ACTIVITY
Leaving out all pictures, write out word for word the lines from the one containing "m&h juniors boys" to the end of the data below.

DATA BELOW

........

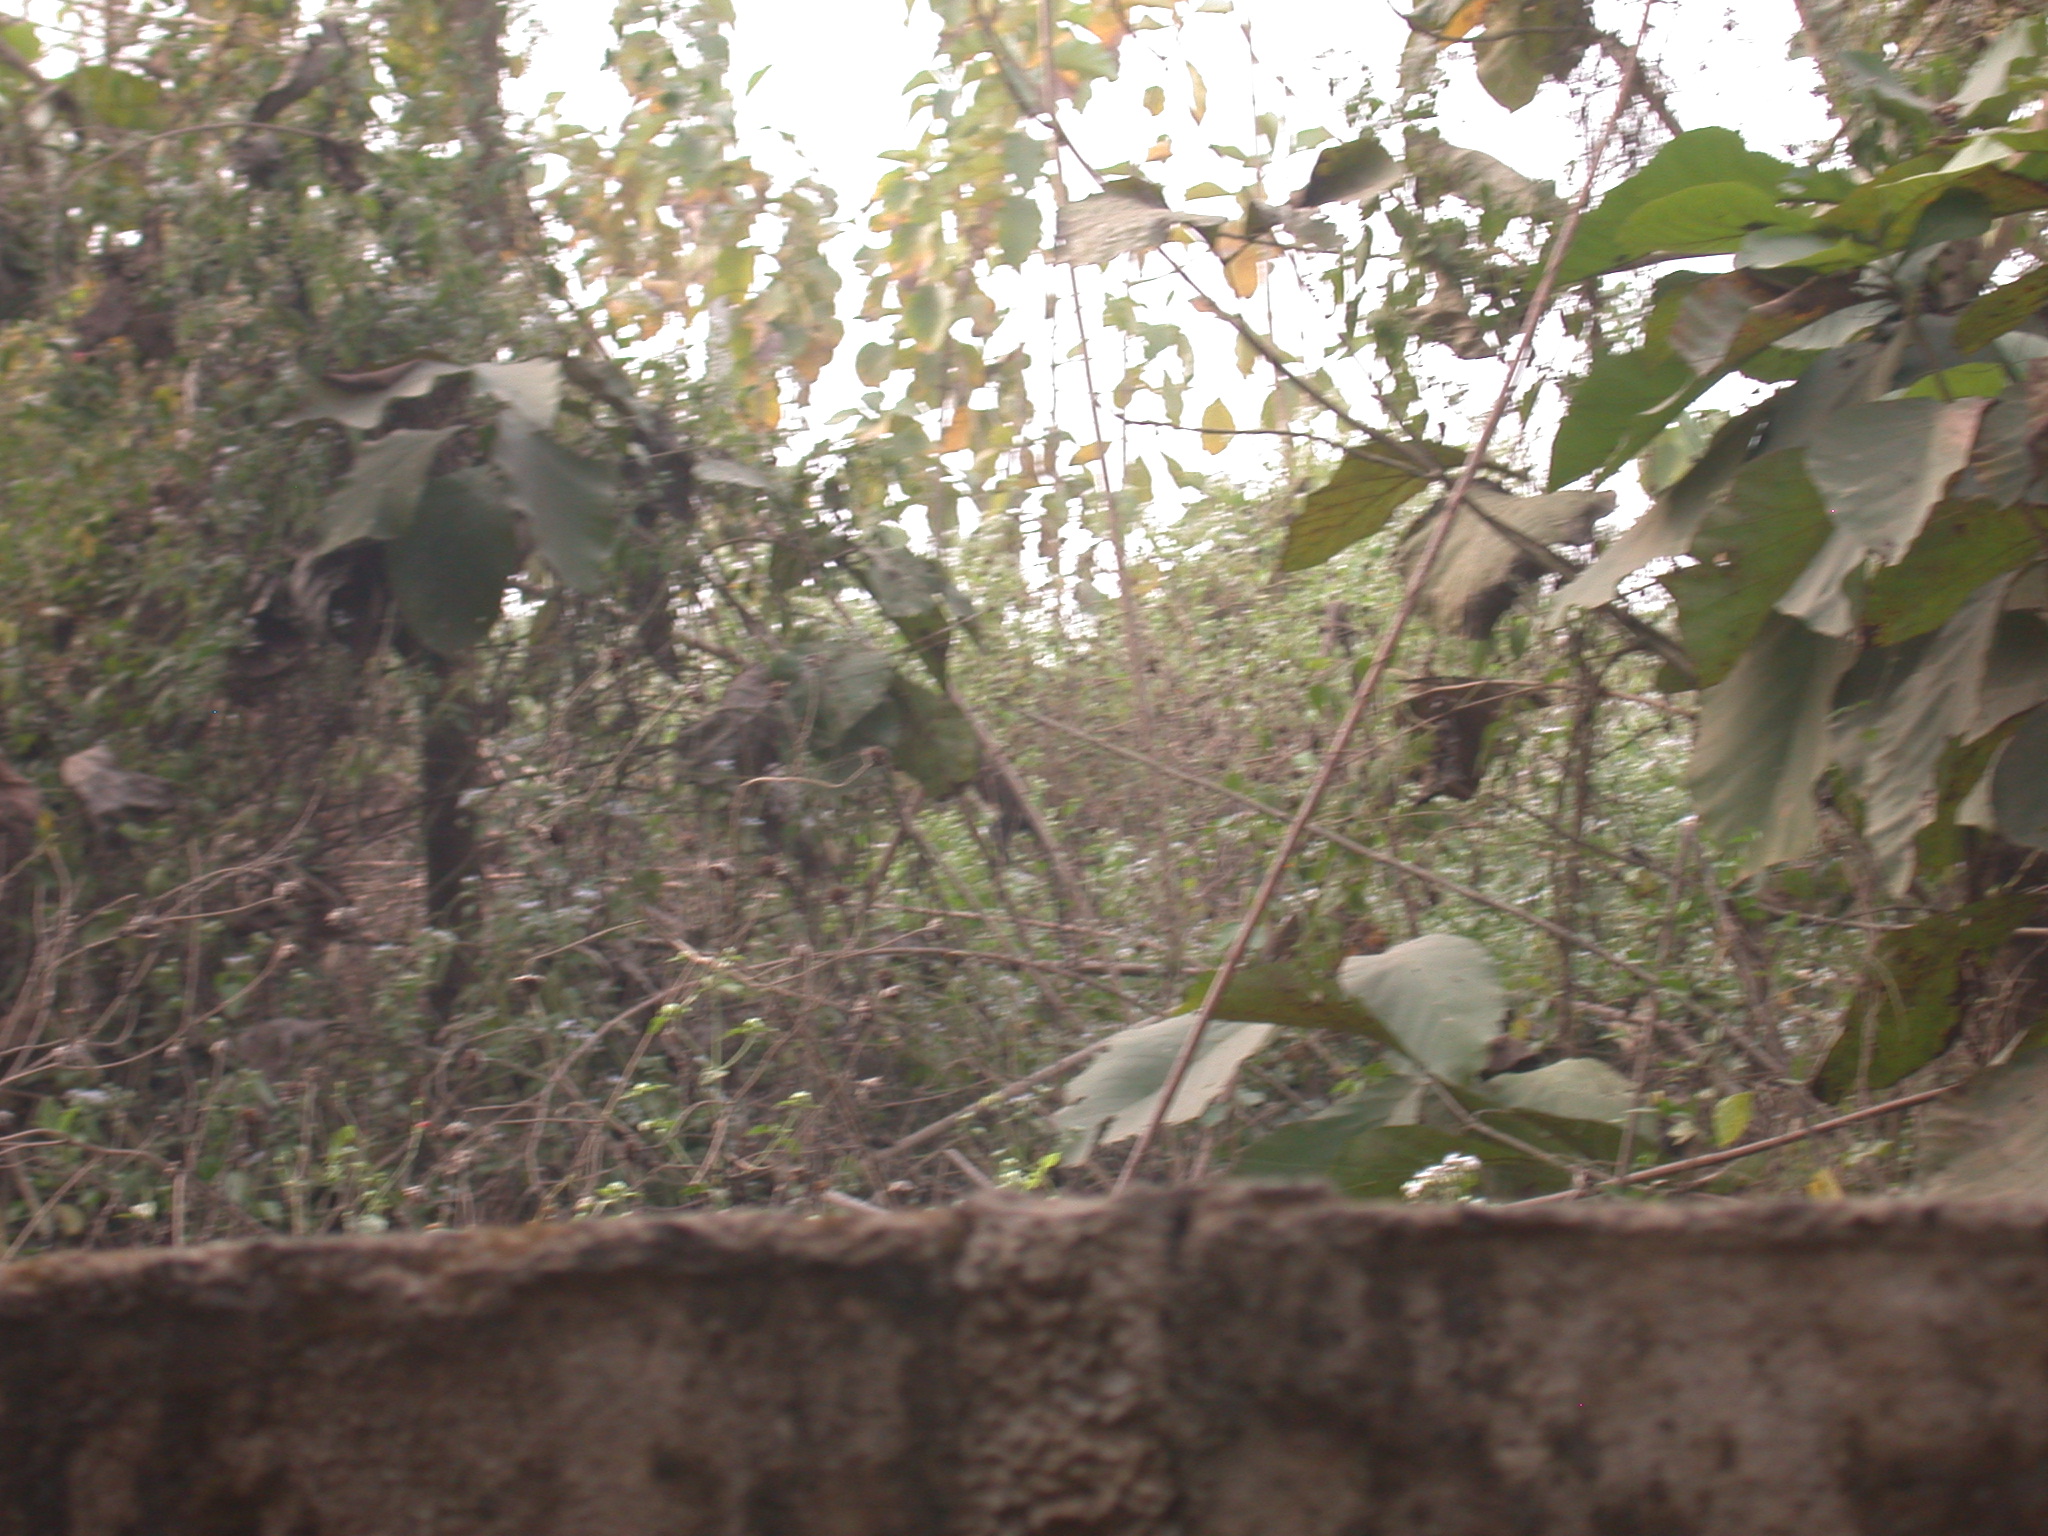 Monkeys Hiding in Vegetation by Access Road, Osun Sacred Grove, Oshogbo, Nigeria
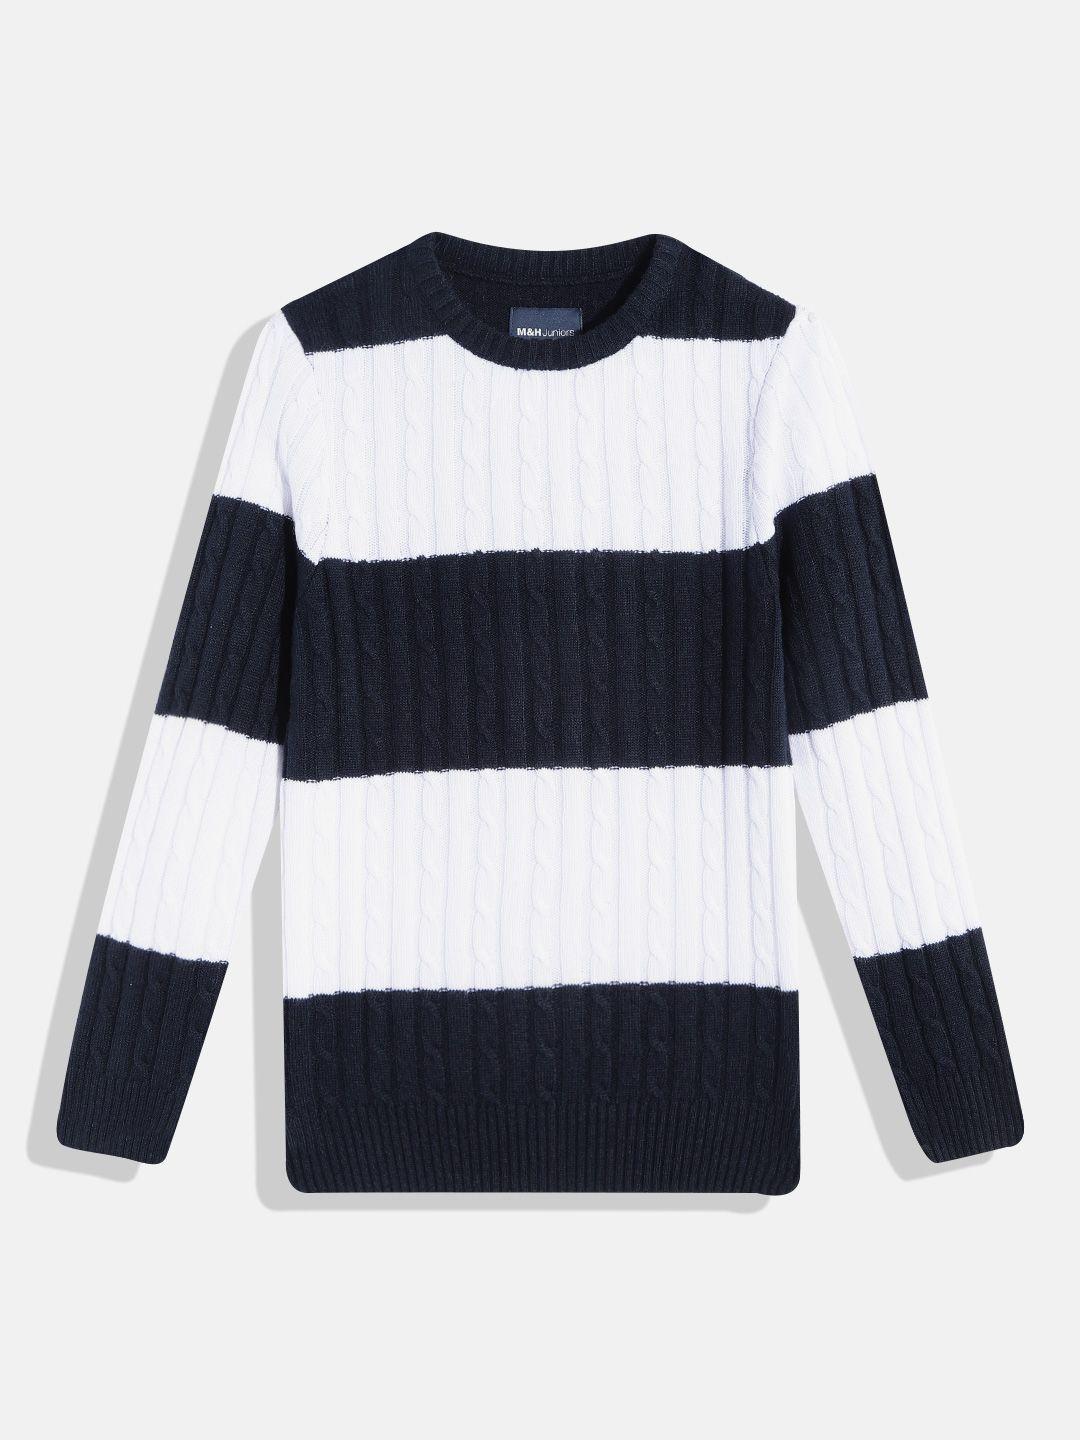 m&h juniors boys navy blue & white striped self design acrylic pullover
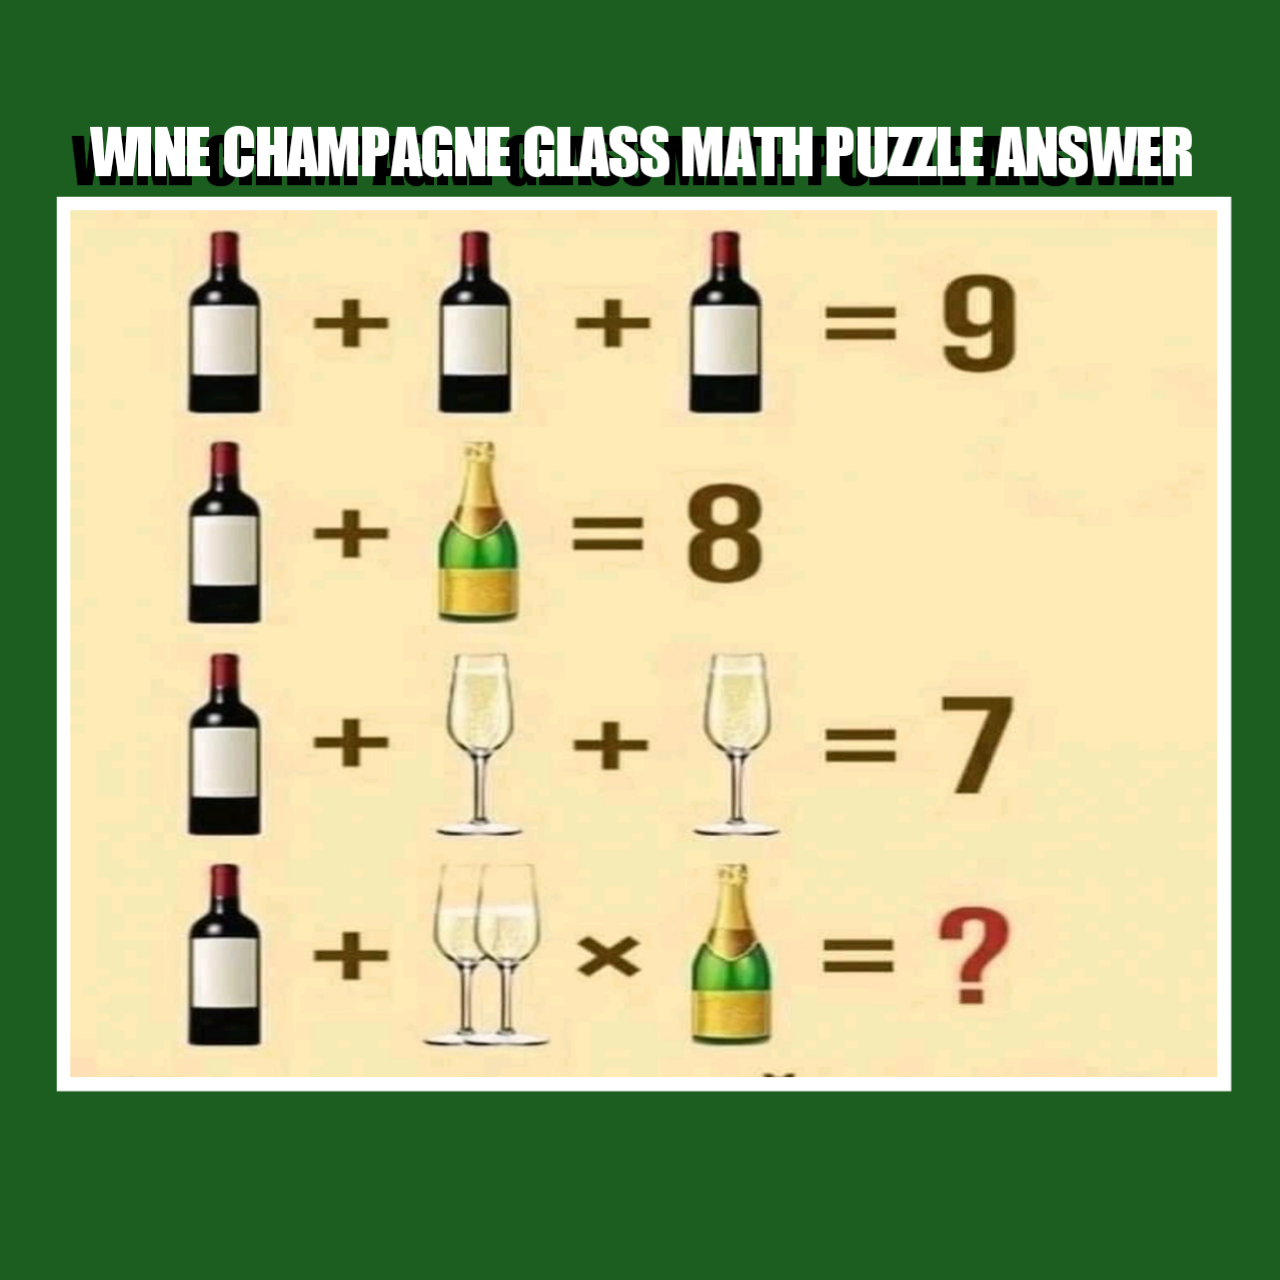 Wine champagne glass math puzzle answer

........

TASK SOLUTION
 m&h juniors boys navy blue & white striped self design acrylic pullover
 Wine champagne glass math puzzle answer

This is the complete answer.